Une des injustices de cette "PMA pour toutes" est directement liée à l'enfant ; la société serait donc, demain, prête à faire naître, de manière délibérée, des enfants orphelins de père. L’Académie nationale de médecine vient d'ailleurs de rendre un avis officiel sur ce sujet, samedi dernier, dans lequel elle explique que « la conception délibérée d’un enfant privé de père constitue une rupture anthropologique majeure » et n’est « pas sans risques » pour son « développement psychologique » et son « épanouissement ». Dans la vie, il y a des difficultés, des aléas ; on peut effectivement perdre son père, ou ne pas vivre avec ce dernier, mais la grande différence est que, dans ce cas, cela serait volontairement mis en place.  
 
Pas d'égalité sans l'extension de la PMA  ? 
 
Si certains prétendent l'existence d'une discrimination envers les femmes seules "sans mari" et les couples de femmes, il est important de préciser que la différence de traitement entre les couples formés d’un homme et d’une femme et les couples de personnes de même sexe n’est pas contraire au principe d’égalité, selon un arrêt du conseil d’État du 28 septembre dernier.
 
En revanche, si le projet de loi venait à être adopté, cela engendrerait évidemment une rupture de l'égalité puisque la PMA, qui serait donc accessible à toutes les femmes, devrait, en toute logique, - au nom de l'égalitarisme ambiant - être un jour revendiquée par des hommes et par conséquent ouvrir inexorablement la porte à la gestation pour autrui (GPA).
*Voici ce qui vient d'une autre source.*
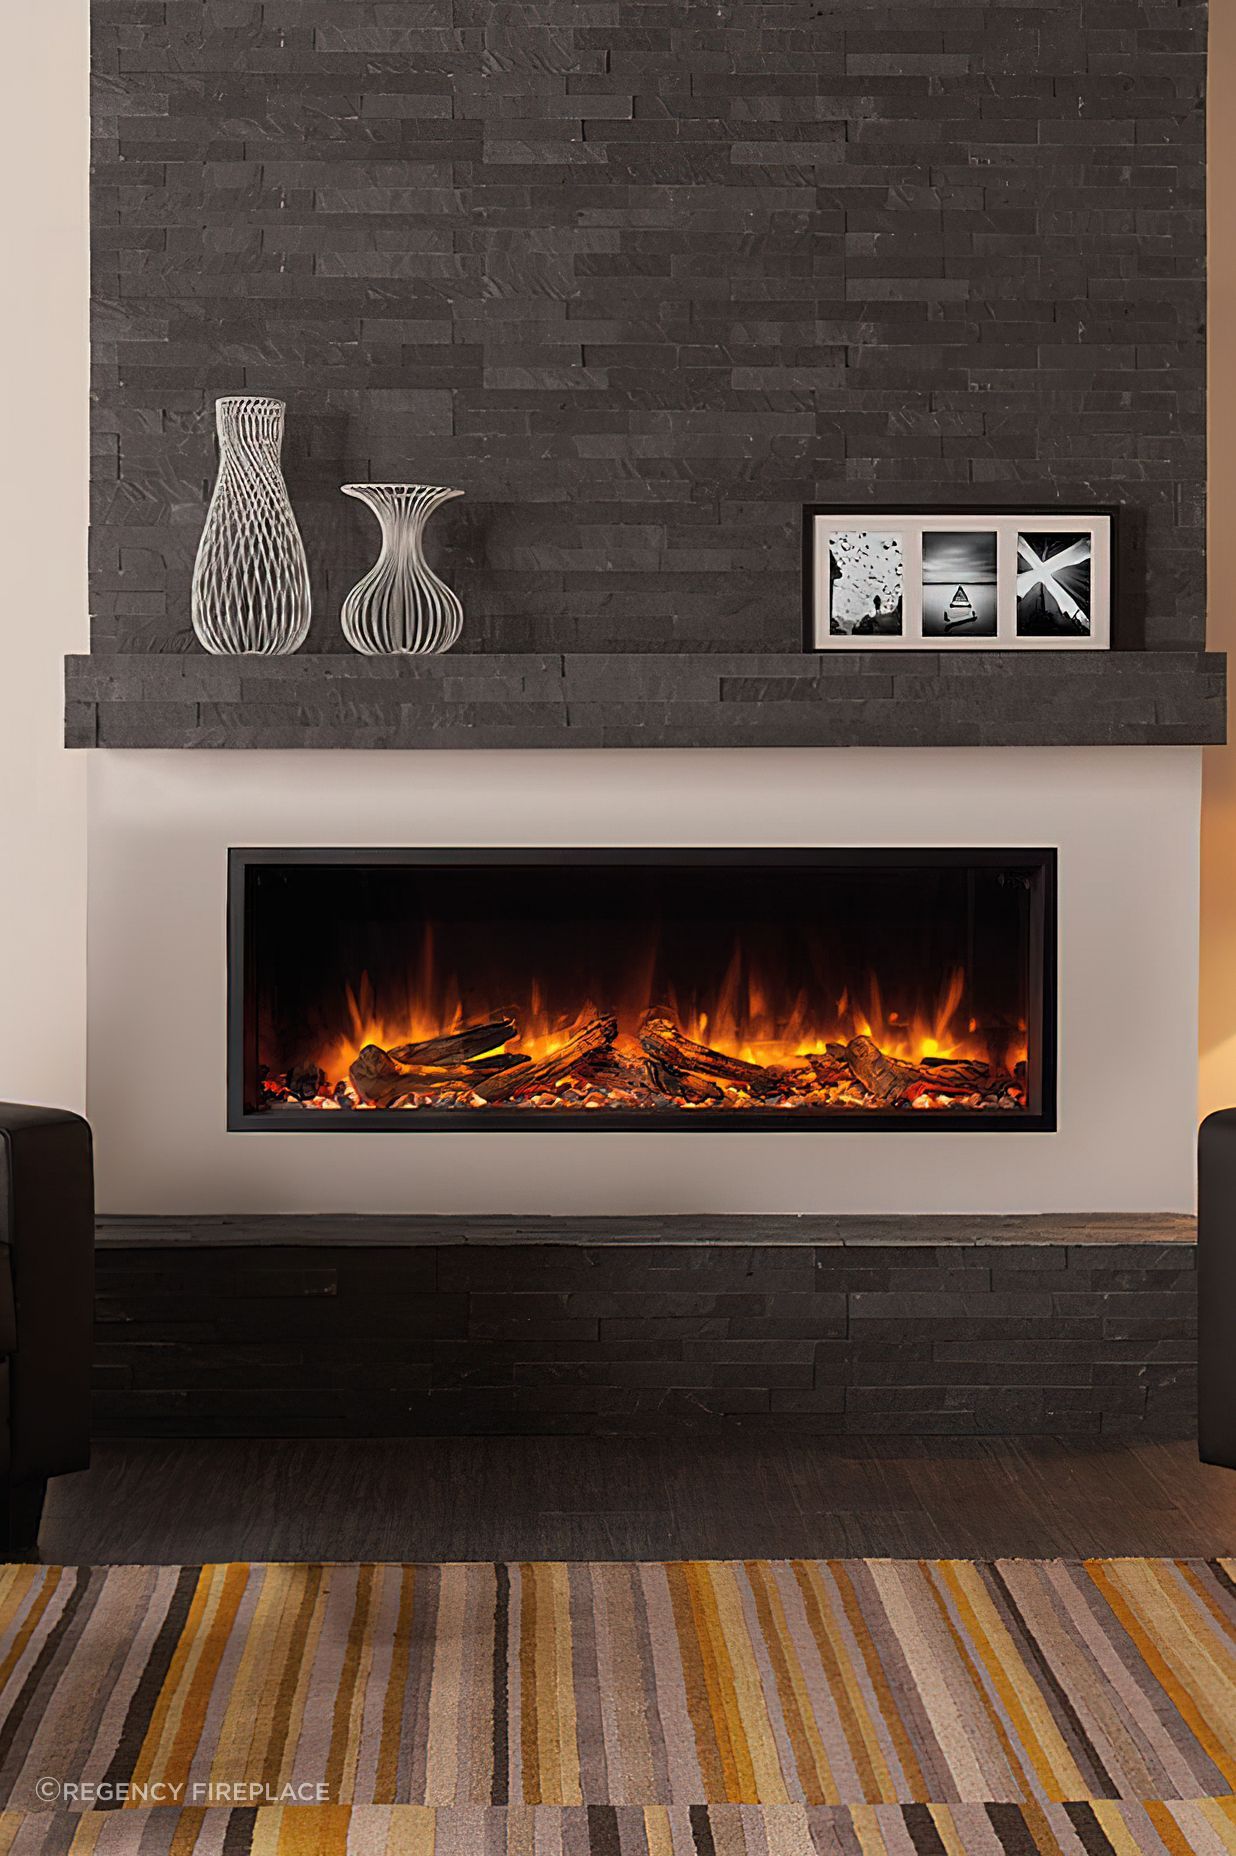 An electric fireplace can be a standout centrepiece in a cosy living space.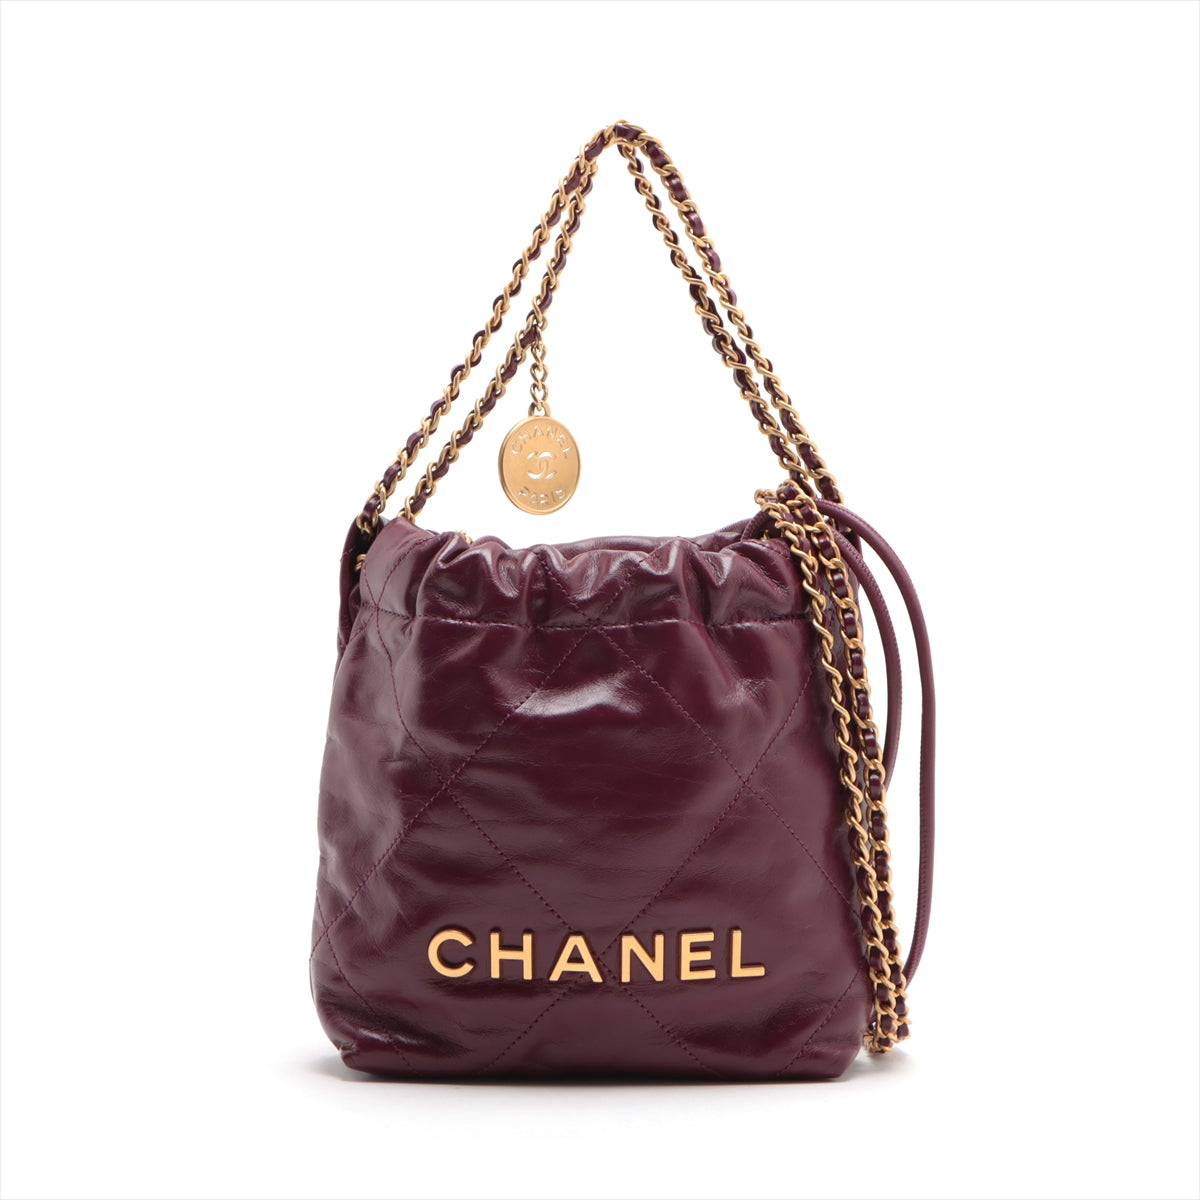 Chanel Chanel 22 mini Leather Chain shoulder bag Purple Gold Metal fittings

On romprait avec un principe qui fonde nos civilisations depuis la nuit des temps, cela allant de pair avec une marchandisation des corps, désormais traités comme produits de consommation.
 
Le progrès amène, certes, beaucoup de bonnes choses - surtout en matière de santé - mais il semble aujourd'hui nécessaire de poser des garde-fous pour protéger l’être humain contre tout dérèglement bioéthique.